[[ INPUT DATA, beginning ]]
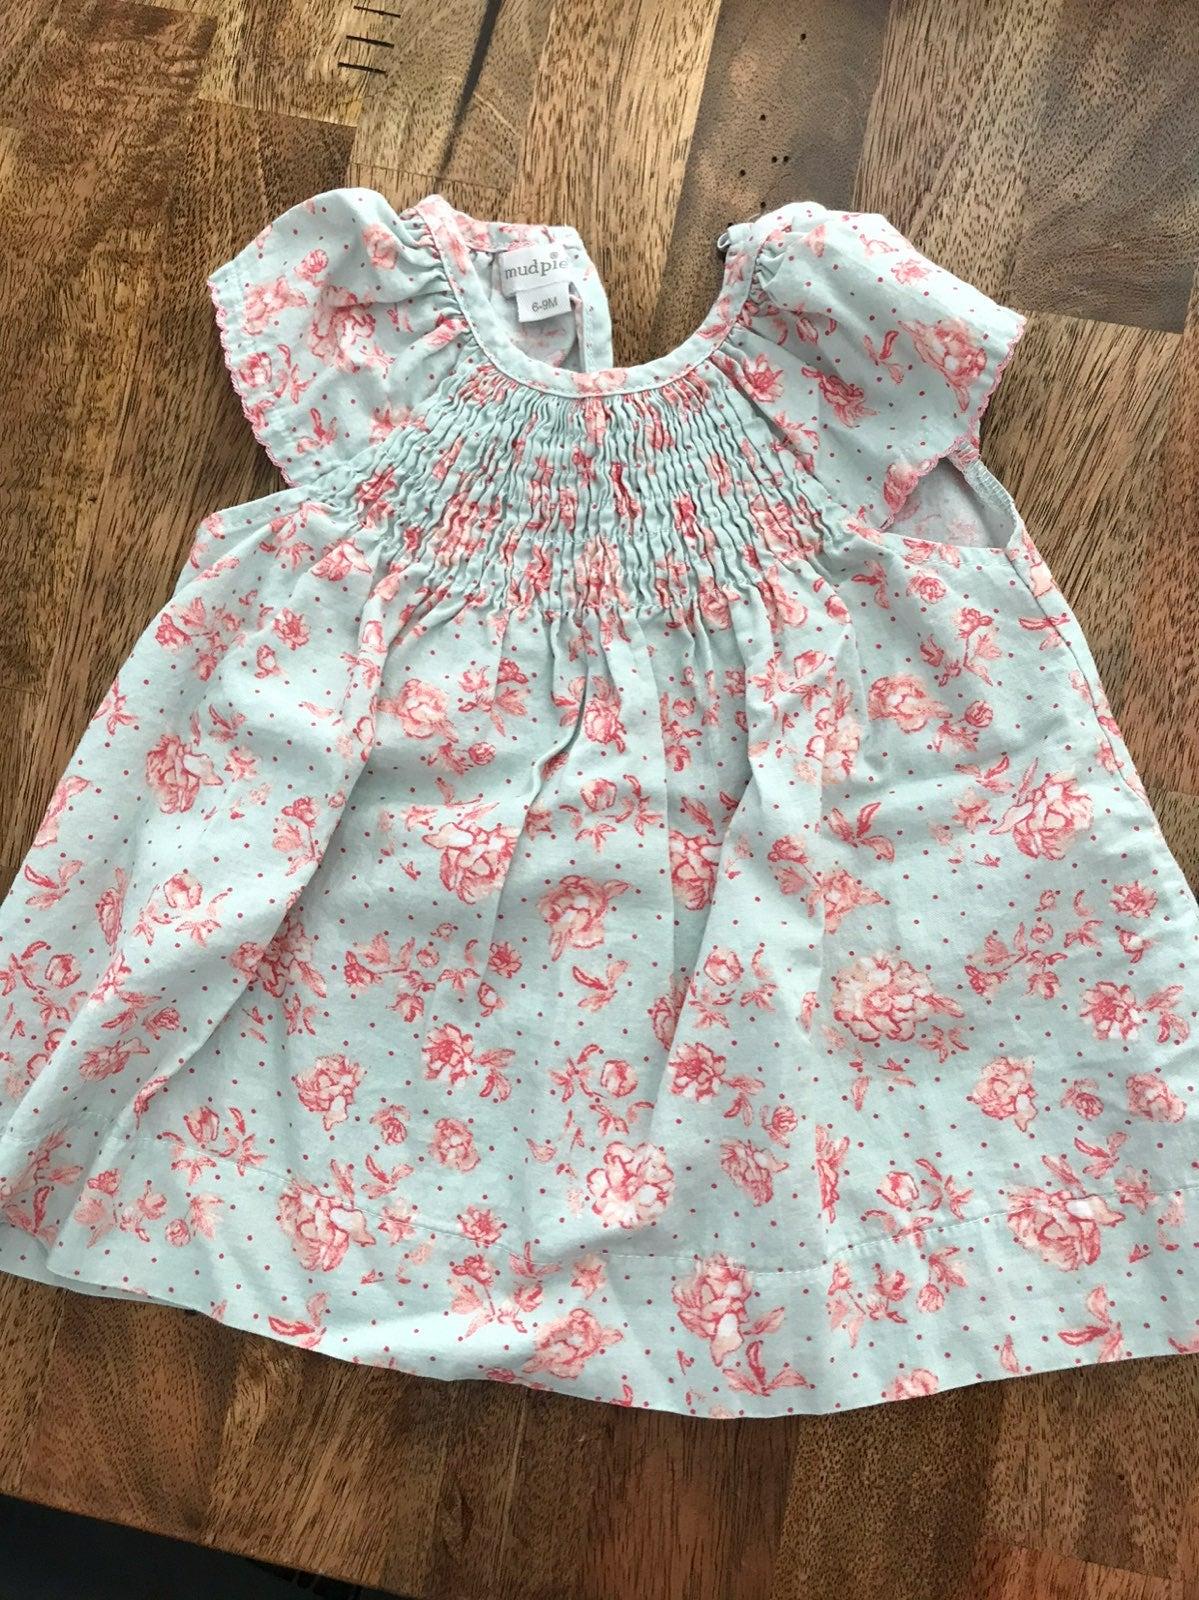 Mudpie Baby Girl Dress
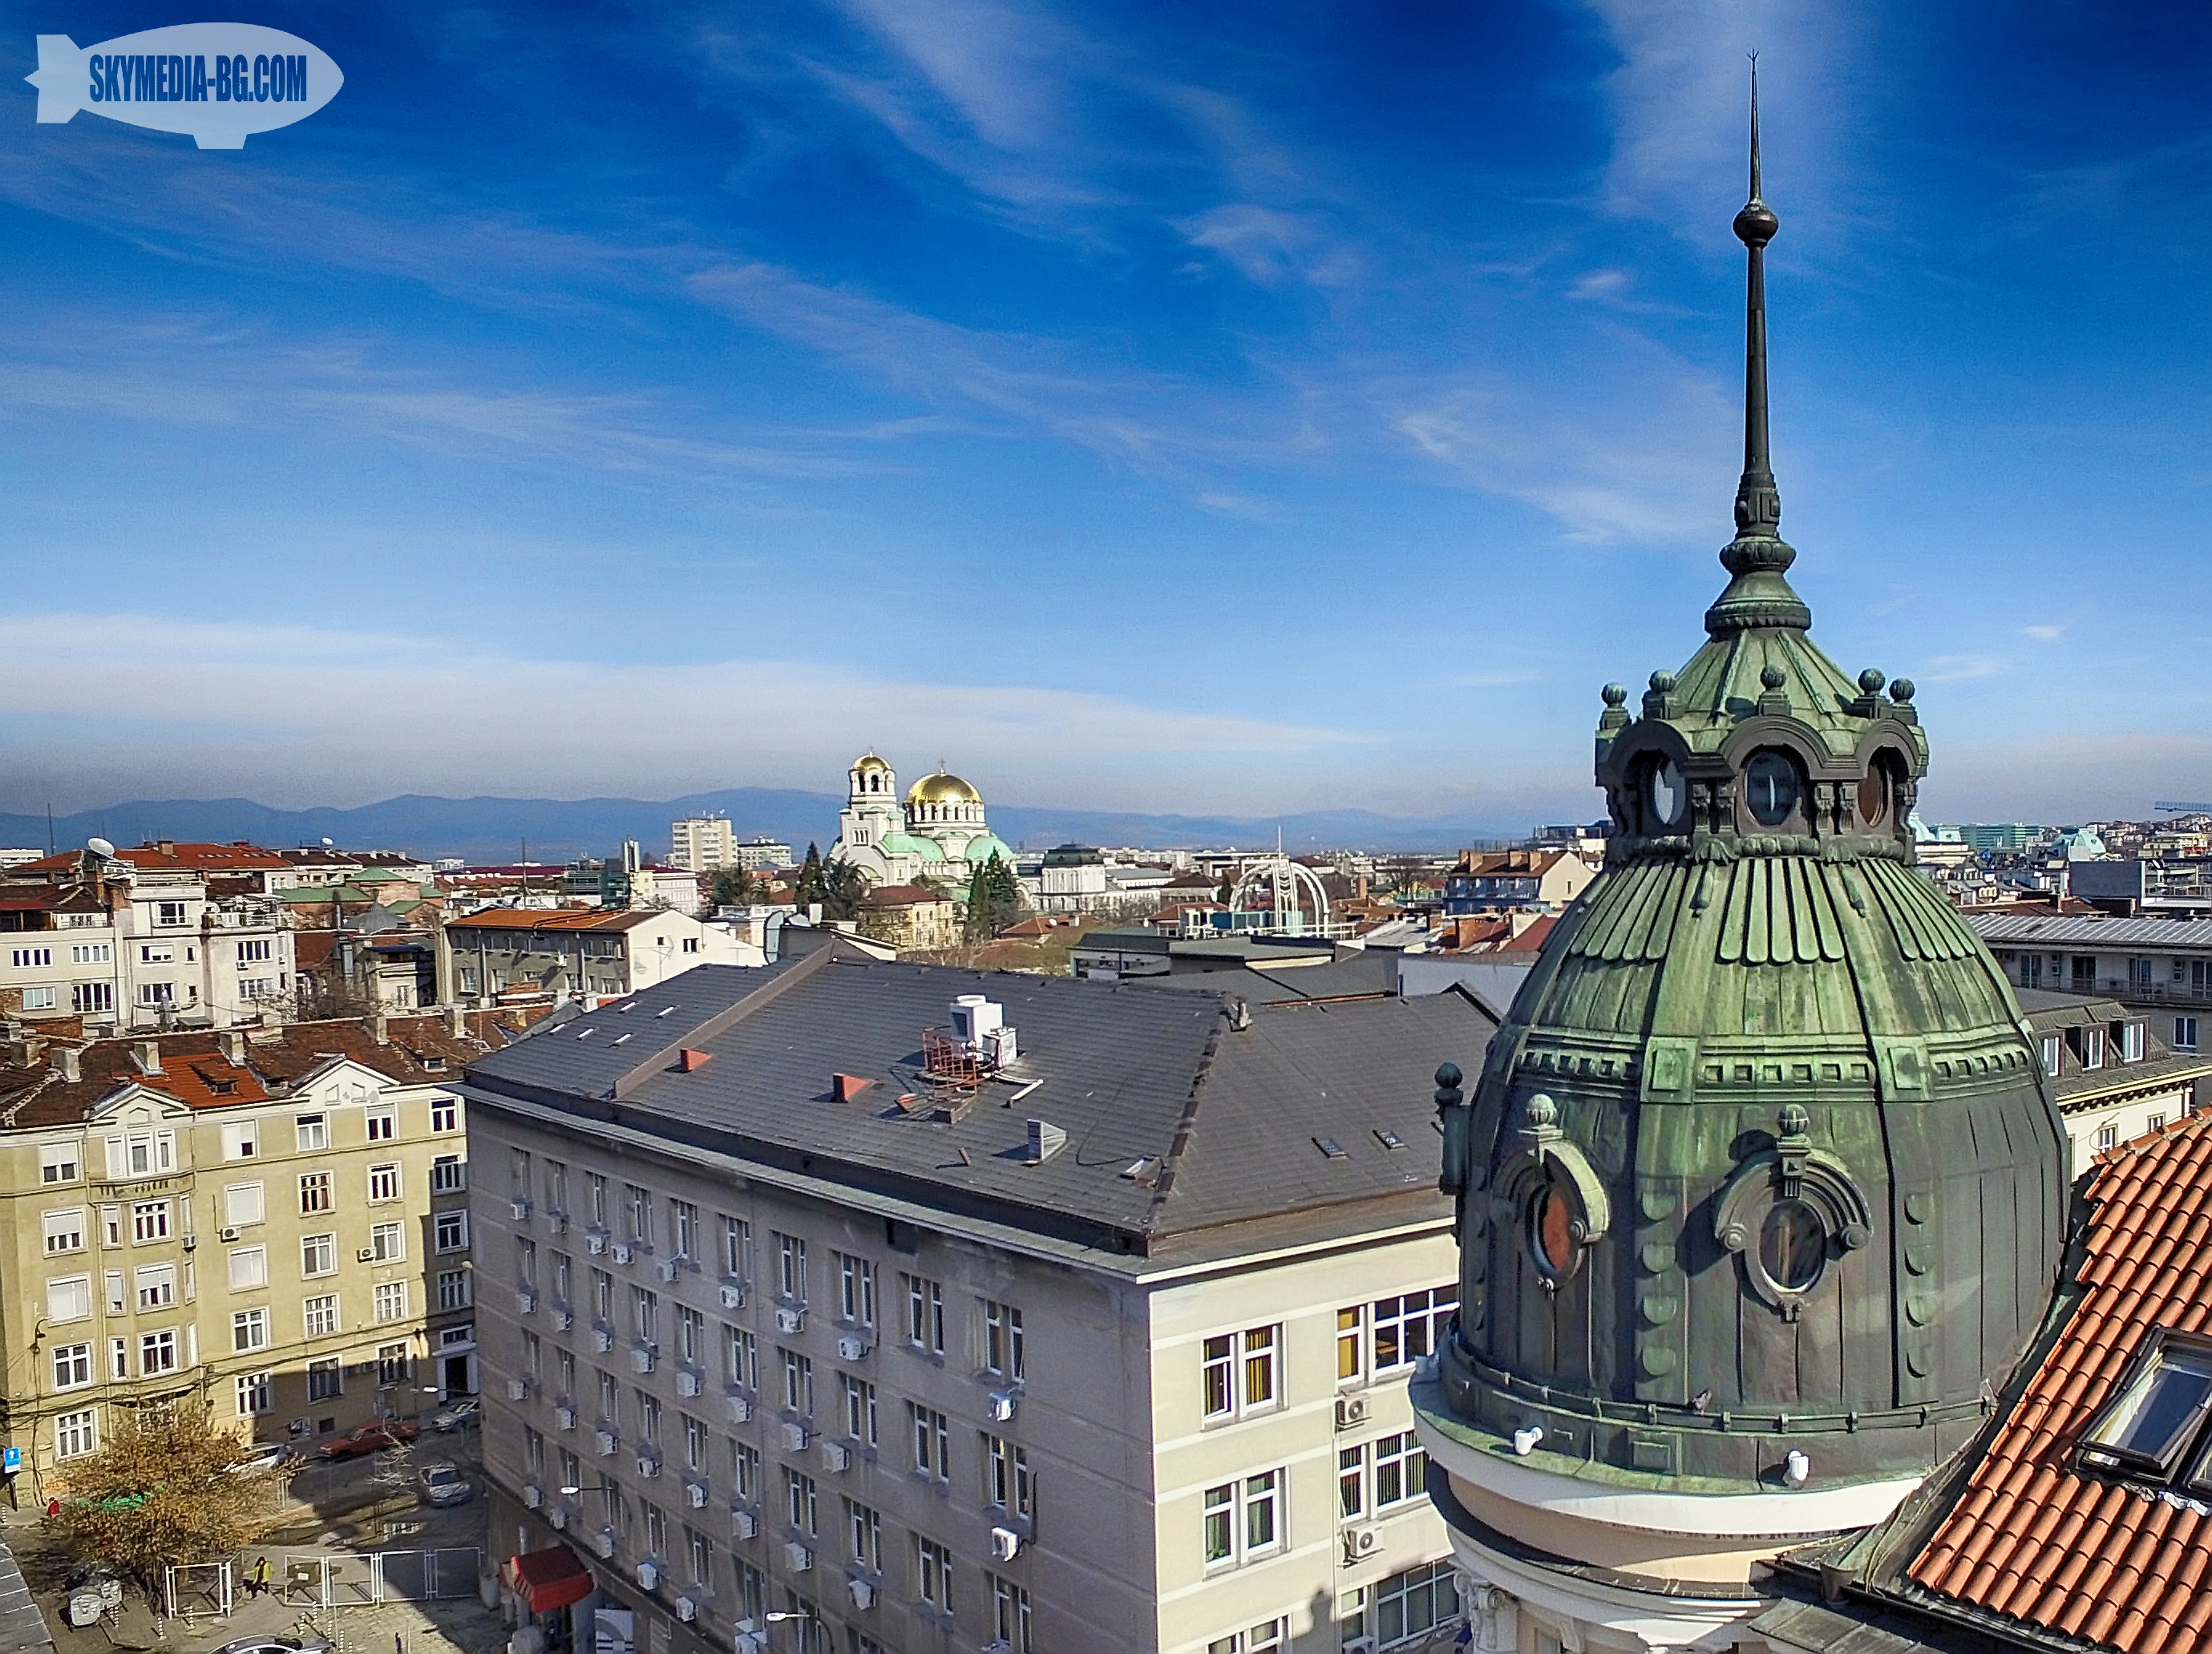 """Банковата сграда на ул. """"Славянска"""" 2 (зад Народния театър) е проектирана от архитект Георги Фингов. Построена е през 1912г. за Търговско-индустриалната камара. Имала е зимна градина, която в момента е изложбена галерия."""
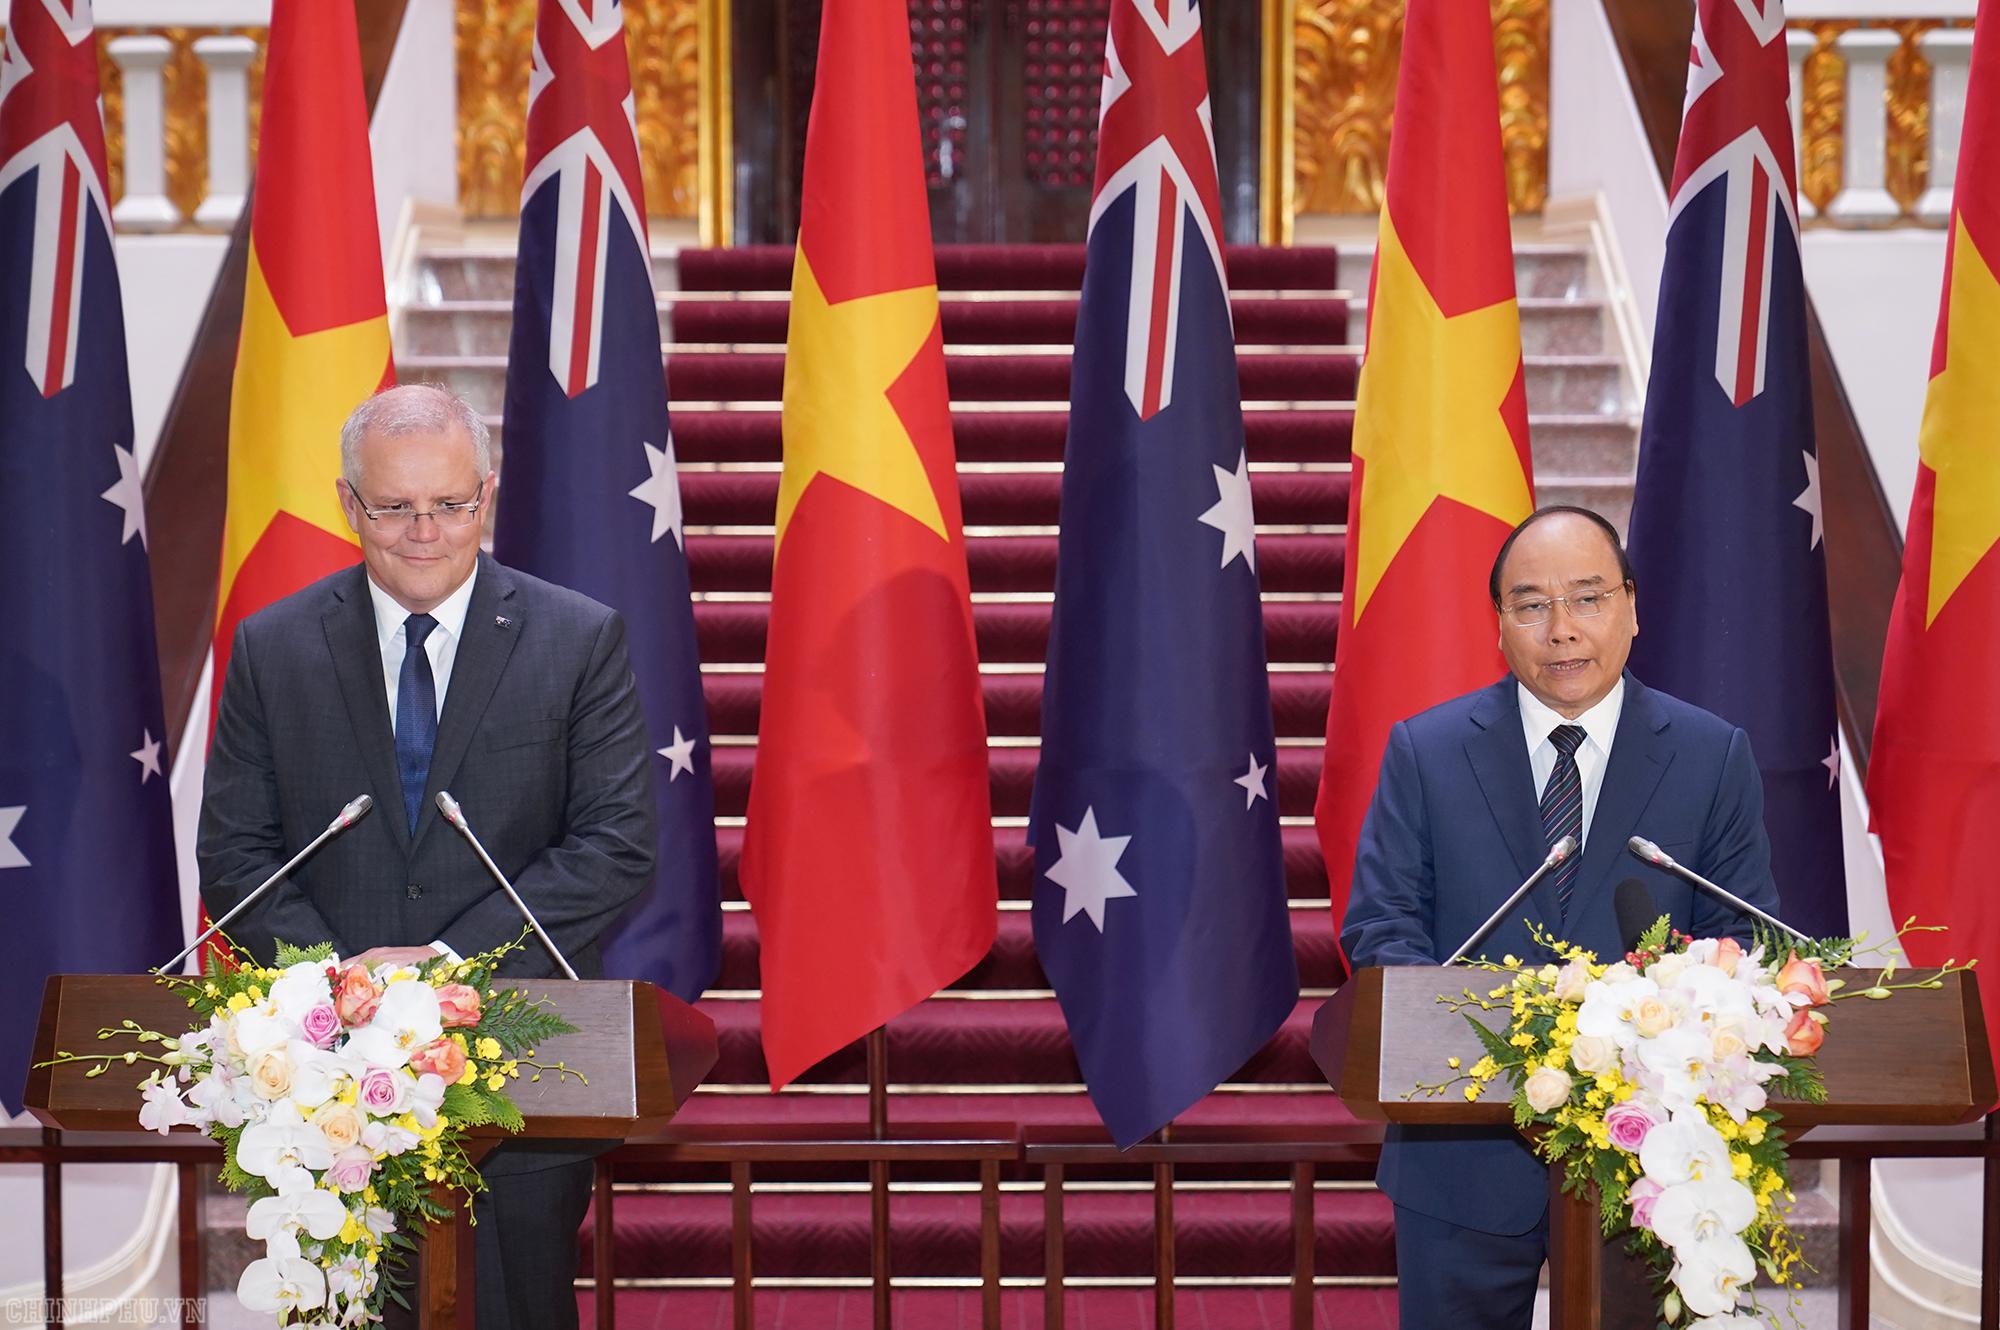 Thủ tướng Nguyễn Xuân Phúc và Thủ tướng Australia tại họp báo.
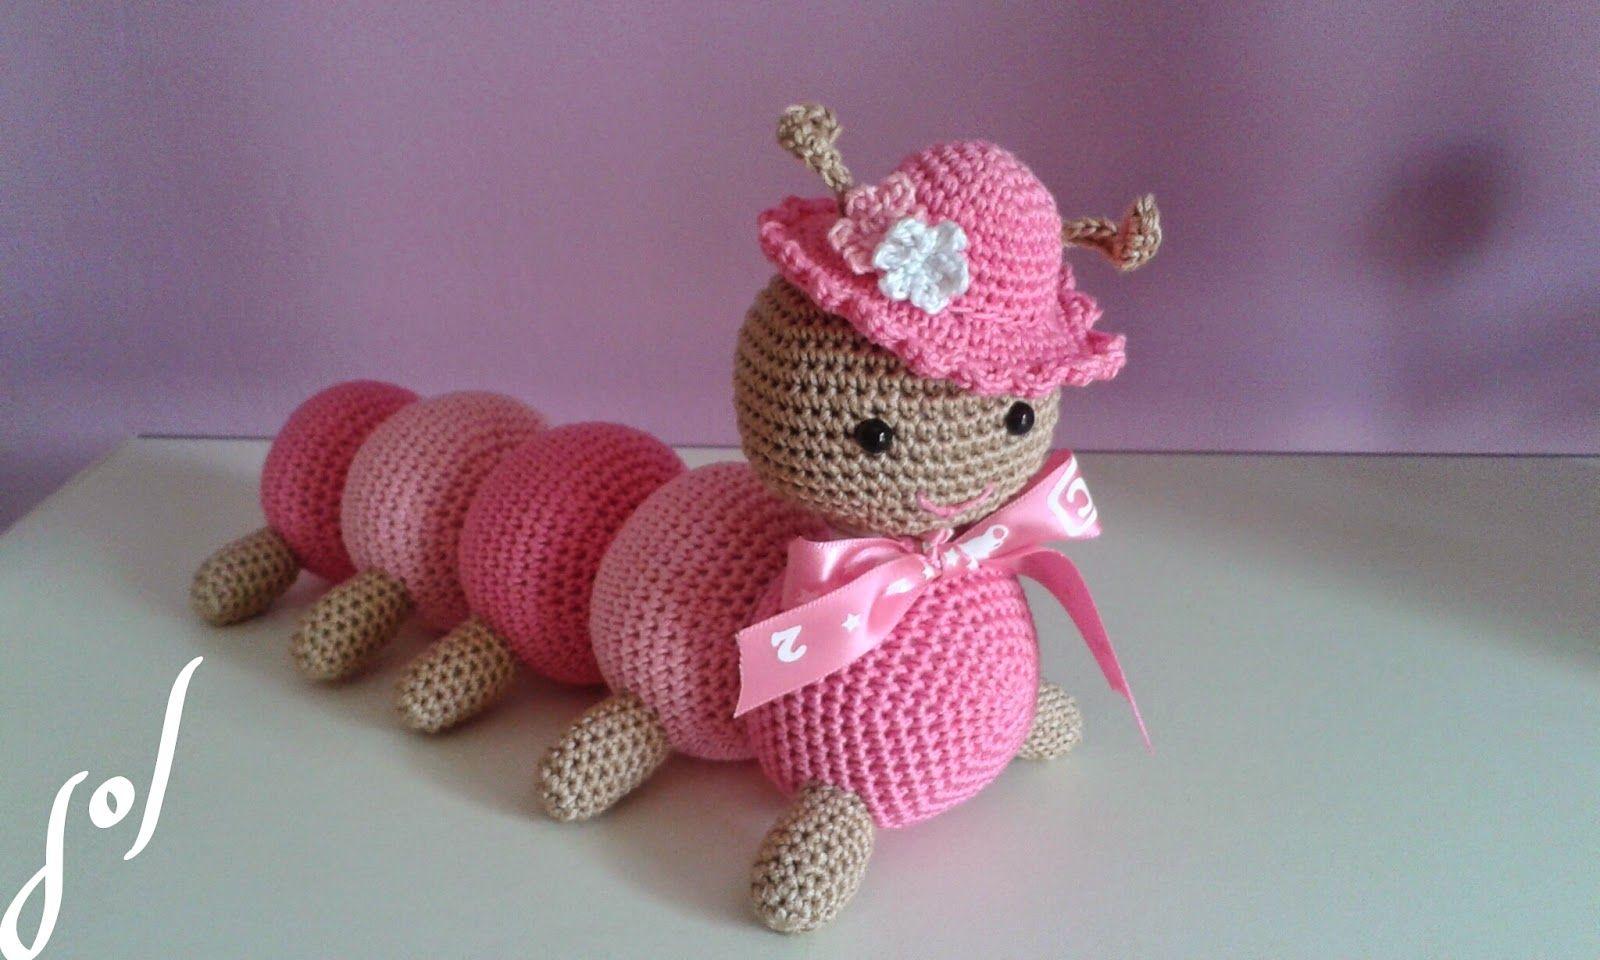 Amigurumi Tutorial Gratis : Oruga amigurumi con patron gratis muñecos crochet
[[ INPUT DATA, end ]]
→ YOUR INSTRUCTIONS
If the listing above includes images, copy every line of it exactly except those images.

→ TASK RESPONSE
 Mudpie Baby Girl Dress
 """Банковата сграда на ул. """"Славянска"""" 2 (зад Народния театър) е проектирана от архитект Георги Фингов. Построена е през 1912г. за Търговско-индустриалната камара. Имала е зимна градина, която в момента е изложбена галерия."""
 Thủ tướng Nguyễn Xuân Phúc và Thủ tướng Australia tại họp báo.
 Amigurumi Tutorial Gratis : Oruga amigurumi con patron gratis muñecos crochet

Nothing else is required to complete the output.